Doom & Cataclysm in Mahler's Sixth
Gustav Mahler is possibly my favourite composer. This is because his music endlessly grapples with ideas of existence, spirituality, and complete nihilism. Yet even at his darkest, Mahler seems to communicate an inextinguishable joy of living and optimism.
GUSTAV MAHLER (1860 - 1911)
Mahler is making his first appearance in this blog because of his contribution to musical storytelling. Mahler took Beethoven’s ‘New Path’ towards musical metaphor (see previous blog Breaking the Mold) and advances it by using Wagner’s more explicit kind of musical symbolism, where a short phrase or motif signifies something very specific. (That’s a whole huge topic for further discussion at some point.)
Mahler’s Sixth Symphony is what we call ‘absolute music’; that is, no explicit story outside of the music exists. And yet, this symphony powerfully evokes a narrative. The overarching idea, as is so often the case in Mahler, is struggle. This struggle is not as clearly defined as it is in, say, the Second Symphony where it is unambiguously the spiritual crusade for redemption after death. The struggle here is unidentified. But we are aware of an overwhelming external force, some impending calamity beyond our control. How do we understand this just from the notes? Let’s talk about the music!
The menacing opening march establishes a savagely combative atmosphere and it is immediately evident that this work is going to be one of intense conflict.

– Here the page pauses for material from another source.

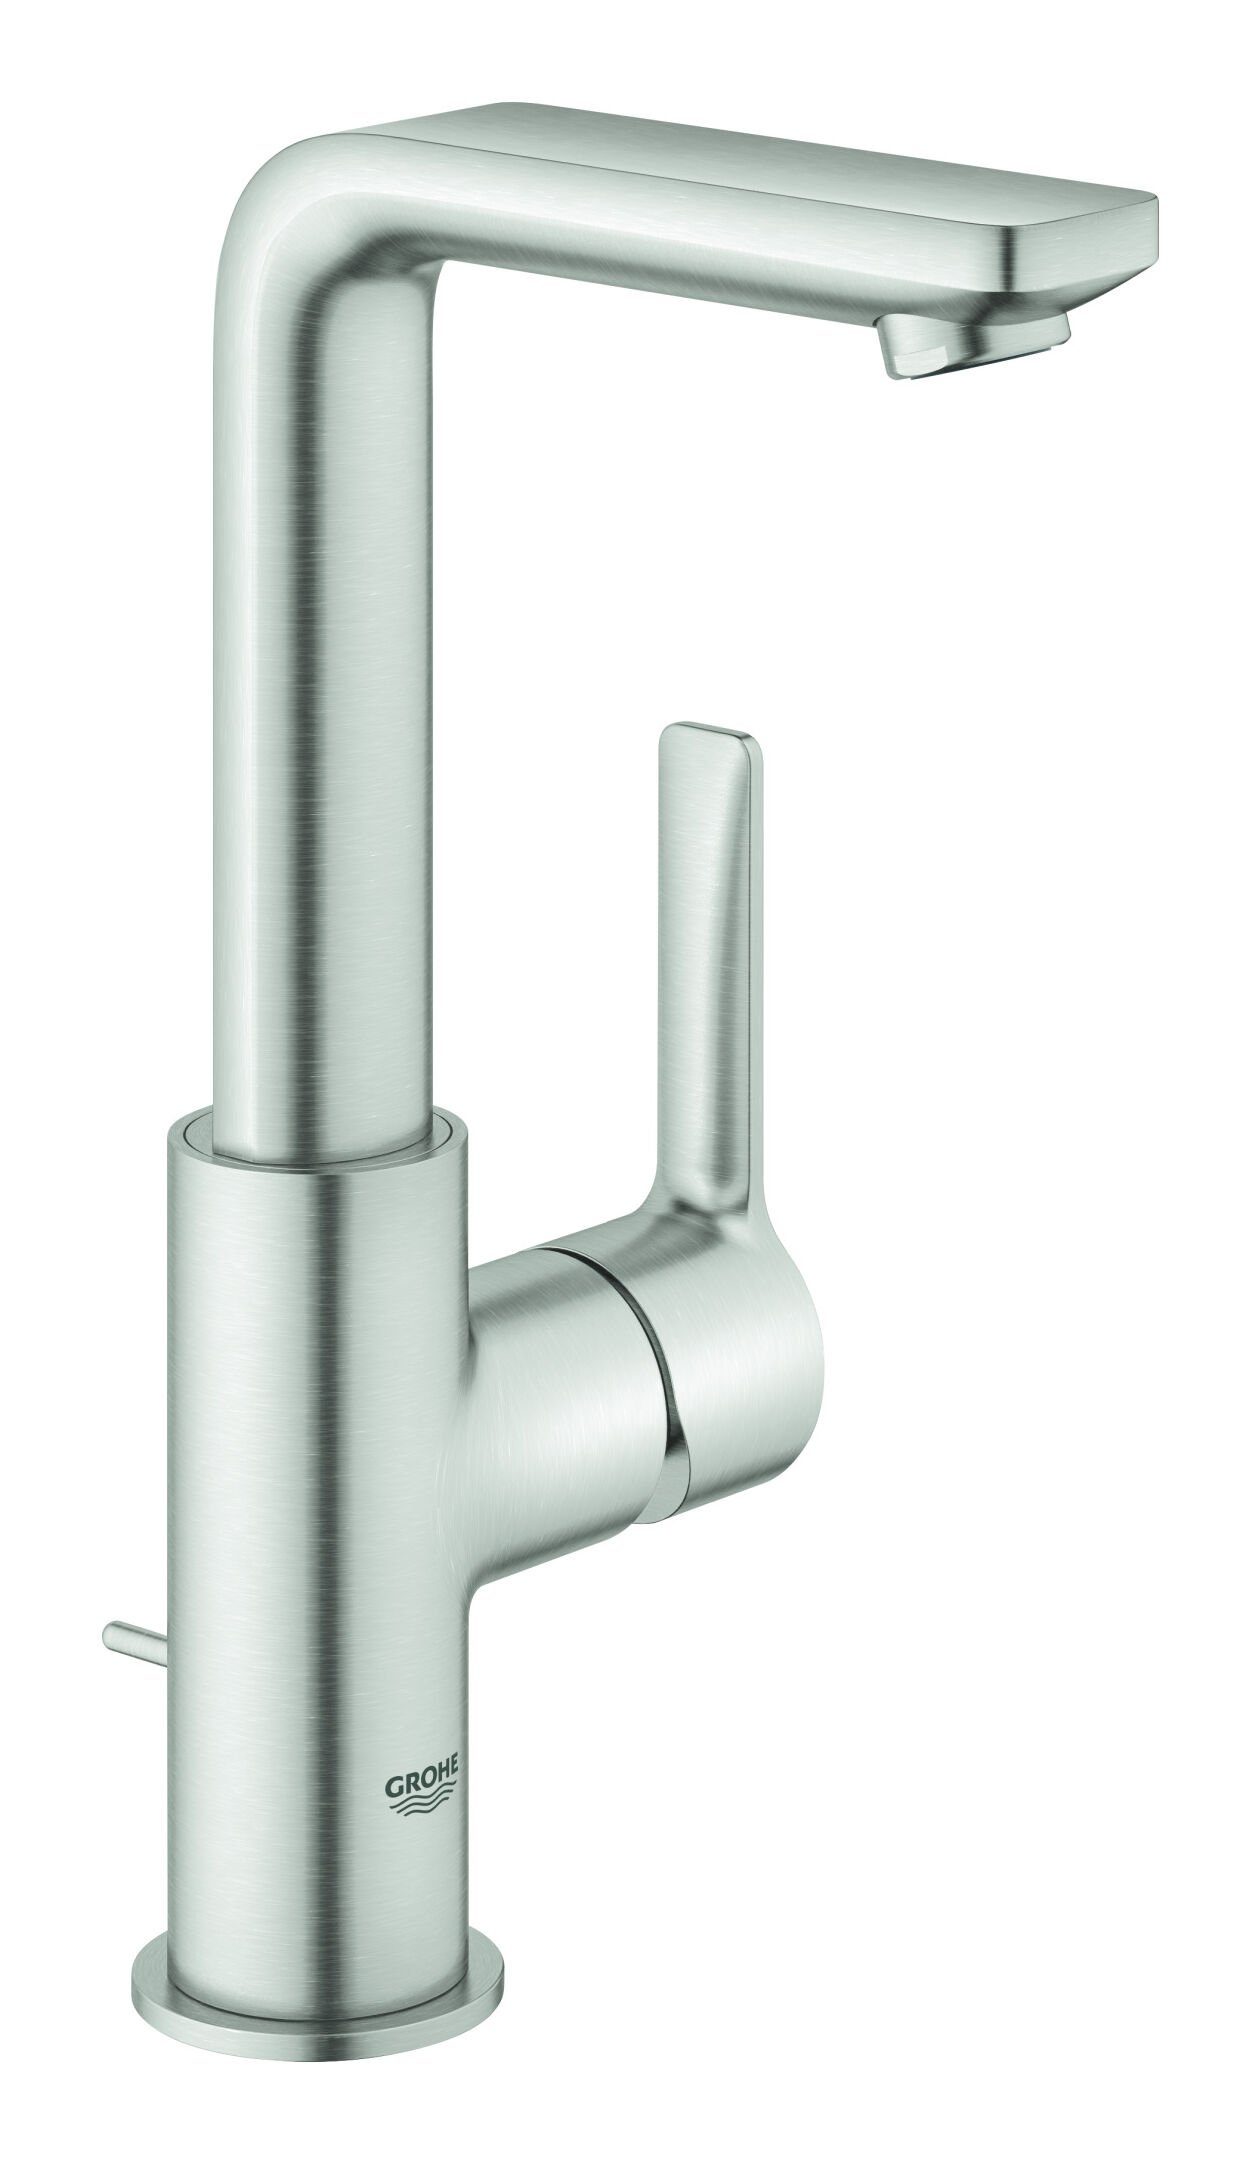 Grohe Waschtischarmatur Lineare Einhand mit Zugstangen-Ablaufgarnitur L-Size - Supersteel

The militaristic tone of the beginning is produced through repeating bass notes and snare drum (which create a driving march), the dotted rhythms of the melody (which propel us forward), and a tattoo in the timpani that seems to evoke 'left, left, left-right-left.' This whole war-like scene outlines an appropriately heightened emotional framework.
But we haven’t yet mentioned the most important musical idea: a major-chord that immediately collapses into a minor-chord. (Major and minor are the two primary chord types. As young musicians we are taught to hear them as ‘happy’ and ‘sad’, but a much richer view is ‘stable’ and ‘unstable’.) This major-to-minor becomes a repeated musical motif throughout the whole symphony; it is this that gives us the sense of an ineluctably tragic fate.
The second movement continues the caustic tone of the first (think of movements in a symphony like chapters in a book, or scenes in a movie – i.e. they tell different aspects of the same story.) It is titled Scherzo (pronounced ‘SKER-tzoh’, literally meaning ‘joke’ in Italian), and the light relief it is supposed to provide is completely absent. Rather, it hammers home the strife of the first movement, but now does so by sneering and mirthlessly laughing (with high-pitched trills in the woodwind and the bone-rattling sound of the xylophone.)
James Levine, the pre-eminent American conductor alive today in my estimation, says that the third movement is like ‘the memory of a great experience that has vanished with the course of time.’ It feels very remote from everything we have heard so far. It begins like a folk-song, tinged with loneliness and melancholy. It stirs itself up with great angst as it remembers what it has lost. This is music of unfulfilled longing - or that beautifully evocative German word, Sehnsucht (pronounced 'ZE(Y)N-zookht'.) The placid calm returns and invites us into a sustained hypnotic reverie.
Mahler keeps us suspended in this dream-like world by opening the Finale with a hazy, amorphous shimmering. We are carried aloft by a violin melody, seemingly unbound by gravity. But this is not celestial. We feel untethered.
The tattoo returns, having been absent throughout the third movement, and over the course of a tumultuous movement, we are struck by three climactic hammer-blows of fate (Mahler actually had to construct a specially invented instrument to get the massive sound he wanted.)
The most potent and poignant moment of the symphony comes right near the very end. We are heading towards a hard-won victory, with the military tattoo now seeming to represent glorious triumph rather than tragic fate, and where the major-chord will finally conquer the darkness of the struggle. And yet at the crucial moment, nothing happens; instead, the disorienting hallucinatory shimmer of the opening reappears out of nowhere. Our hopes are then totally annihilated with a violent statement of the major-to-minor motif and rhythmic tattoo. Stunned into defeat, trombones intone a funereal dirge and die away to nothing. But the final blow comes in a crushing and unrepentant minor-chord blaring from the trumpets. They obliterate the doom-laden silence, and as abruptly as they appeared, vanish back into the gloom.